What to do: Give every line of the material back exactly, images removed.

Data section:
####################
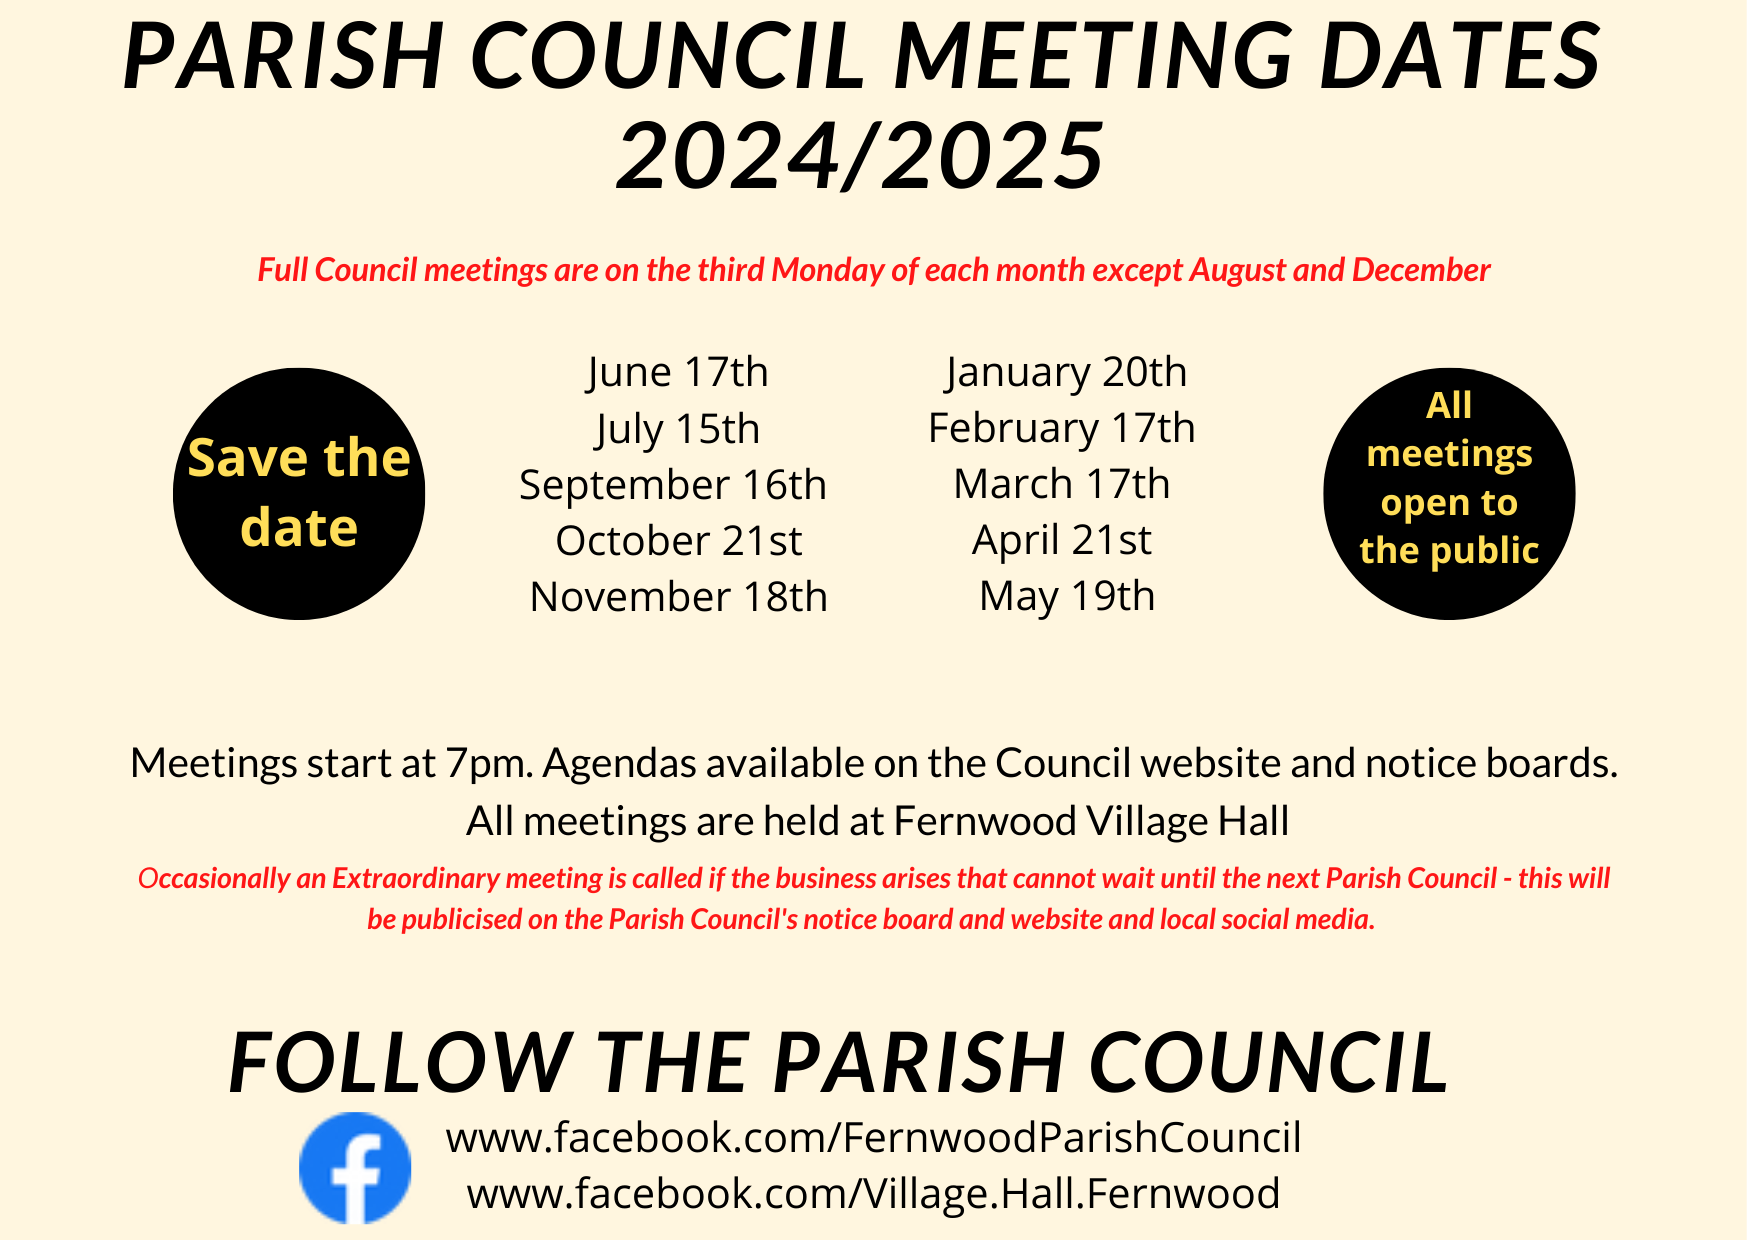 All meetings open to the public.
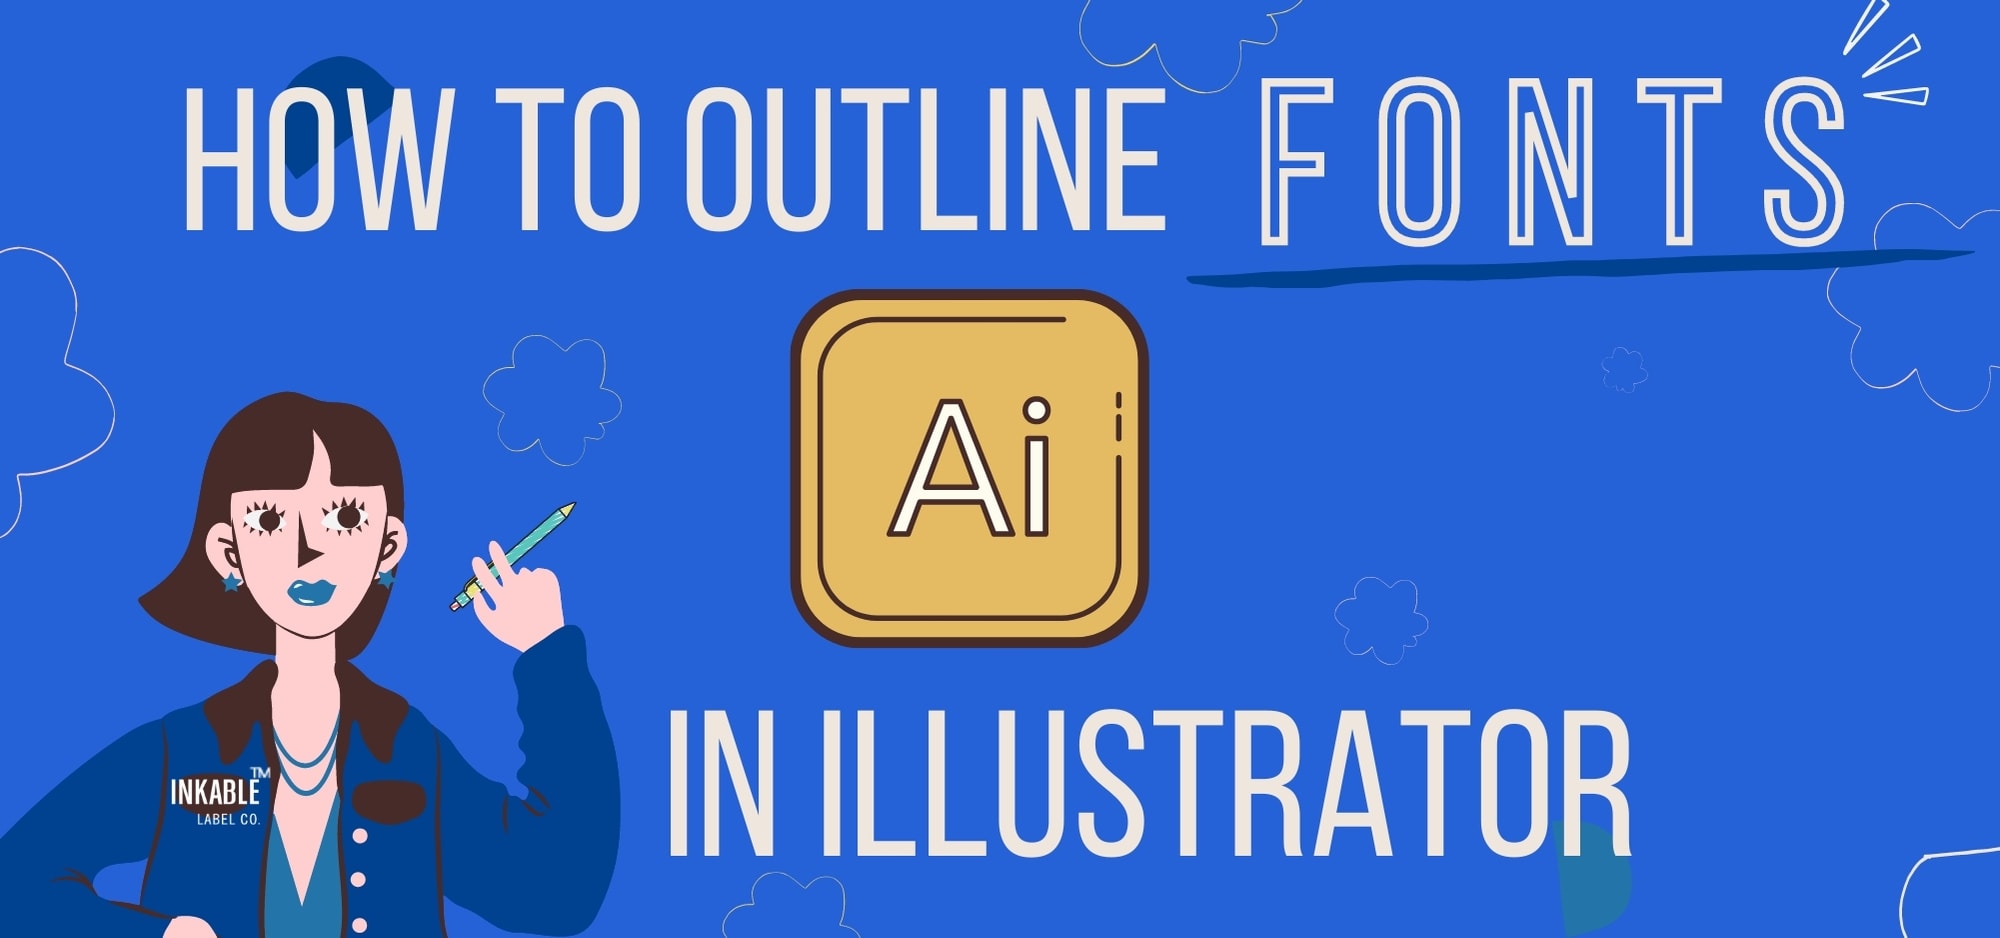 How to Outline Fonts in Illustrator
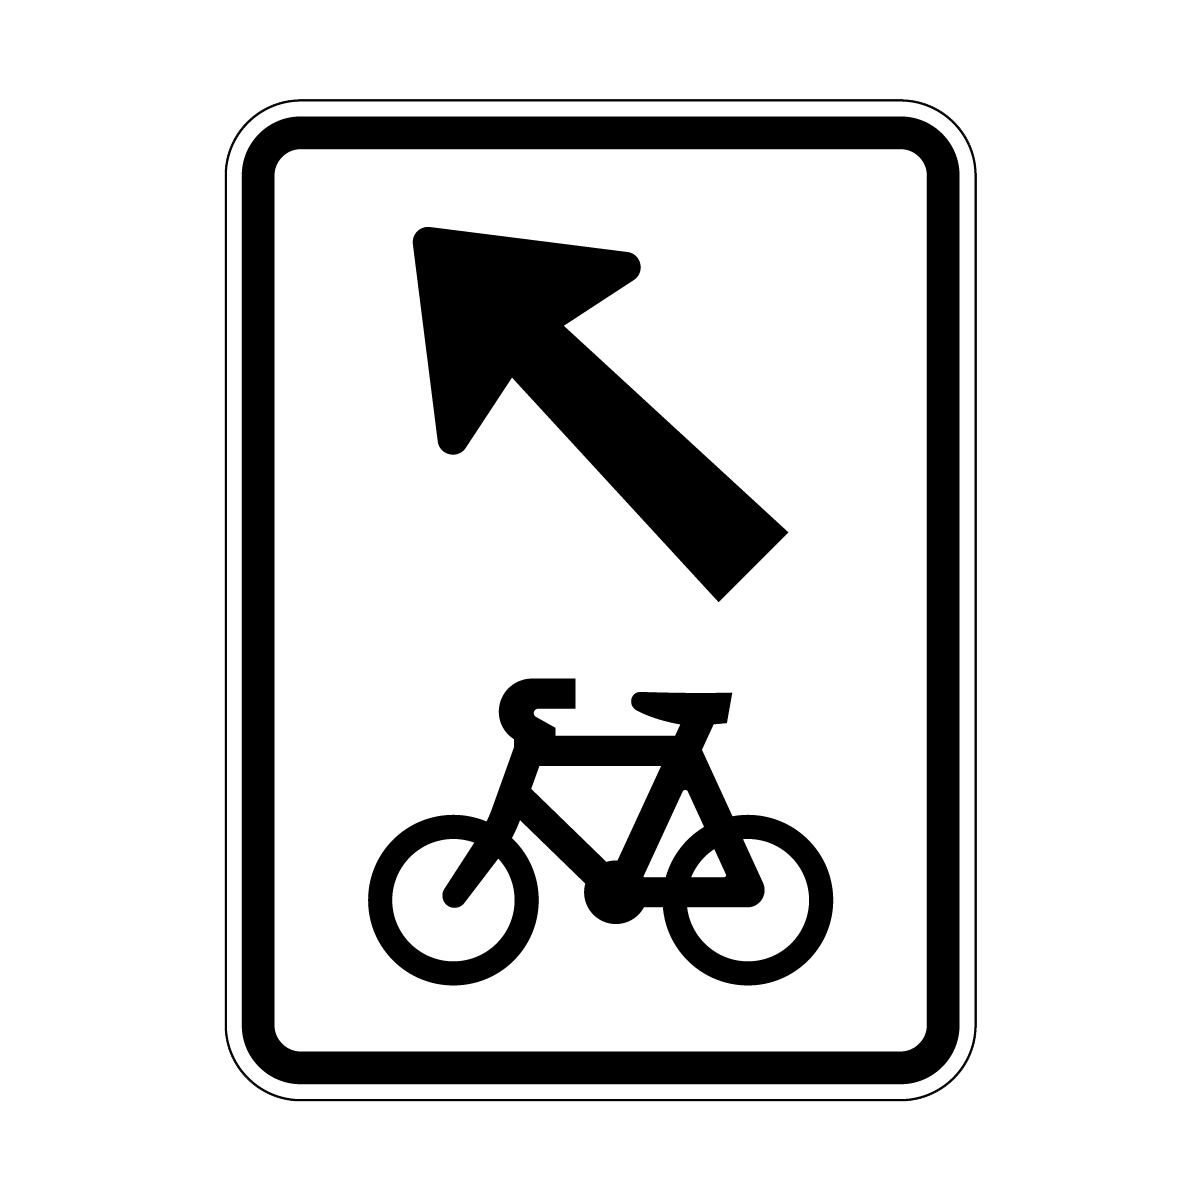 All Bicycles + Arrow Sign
####################
Written response:
 All meetings open to the public.
 How to Outline Fonts in Illustrator
 All Bicycles + Arrow Sign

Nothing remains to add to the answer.